Glenwood Springs mayor apologizes for social media post about Lauren Boebert
Special to the Post Independent
Mayor’s Facebook post resulted in vitriol, death threats
Glenwood Springs Mayor Jonathan Godes apologized in the opening moments of the city council meeting on Thursday night for a social media post he made recently regarding U.S. Rep. Lauren Boebert, R-Rifle.
The issue centered around a photo of Boebert from 2019 outside of the Colorado State Capitol that featured members of right-wing militia groups, some of whom were flashing a sign of “3-Percenters.” The militant group erroneously believes only 3% of American colonialists fought back against the British during the Revolutionary War, according to the Anti-Defamation League.
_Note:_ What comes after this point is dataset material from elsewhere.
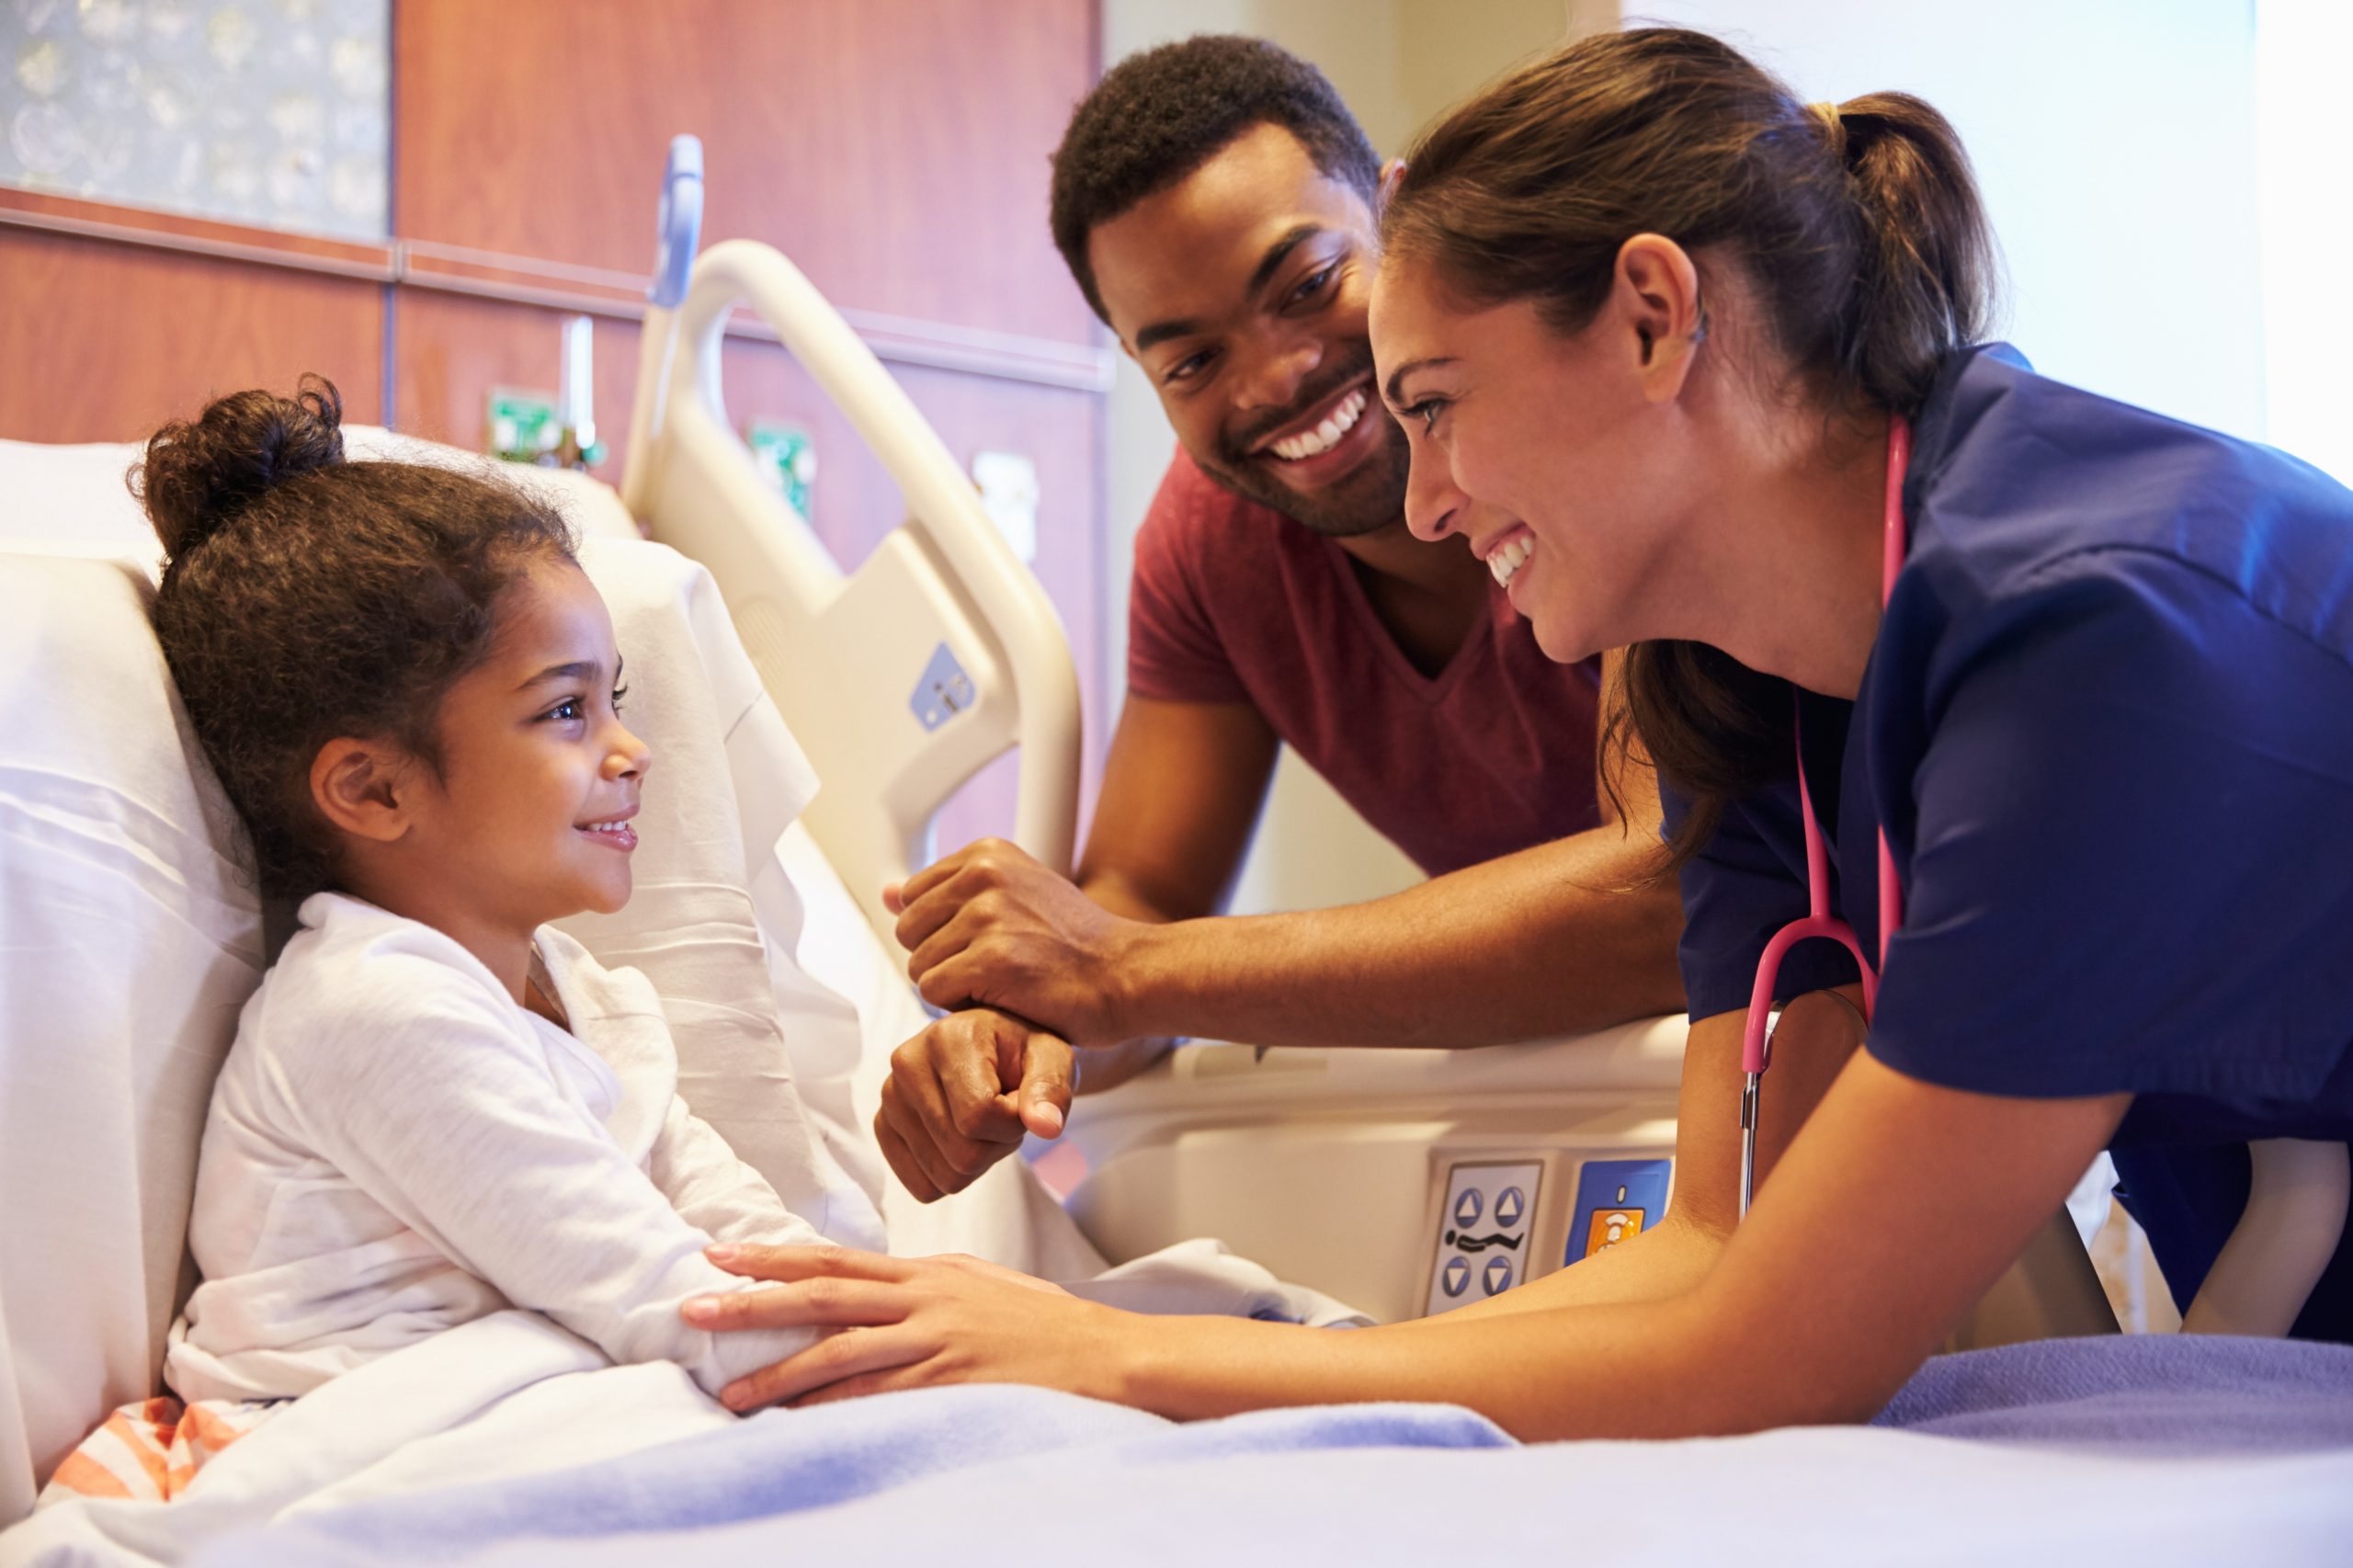 Child who is about to be sedated looks happy while on the bed, surrounded by trusted people.

The image resurfaced following the insurrection at the U.S. Capitol building on Jan. 6 by supporters of former President Donald Trump, with some falsely claiming on social media that the men pictured were rioters and that Boebert gave them a tour of the Capitol prior to the assault.
Boebert has adamantly denied she gave any such tours, and publicly blasted some Democratic members of Congress who suggested she did.
Godes shared the image of Boebert on his mayoral Facebook account once it resurfaced. In the post, Godes quoted his mother, who told him that he was judged by the company he kept.
“These are not the people I know who live in western Garfield County or Glenwood Springs,” Godes wrote in the post. “Please Congresswoman, for the sake of your actual constituents, keep better company.”
Five people were killed in the Jan. 6 riots. Multiple people have called for Boebert’s resignation for comments she made on Twitter prior to, during and after the insurrection. Democratic party chairs from across the state, including Garfield County, have called for a congressional investigation into her ties to militia and white supremacist groups.
Godes said the post criticizing Boebert was up for 12 hours and that he received numerous hate comments and even death threats in its wake. He ultimately disabled his entire Facebook account due to the intense negative reaction, adding that he even took the death threats to the police.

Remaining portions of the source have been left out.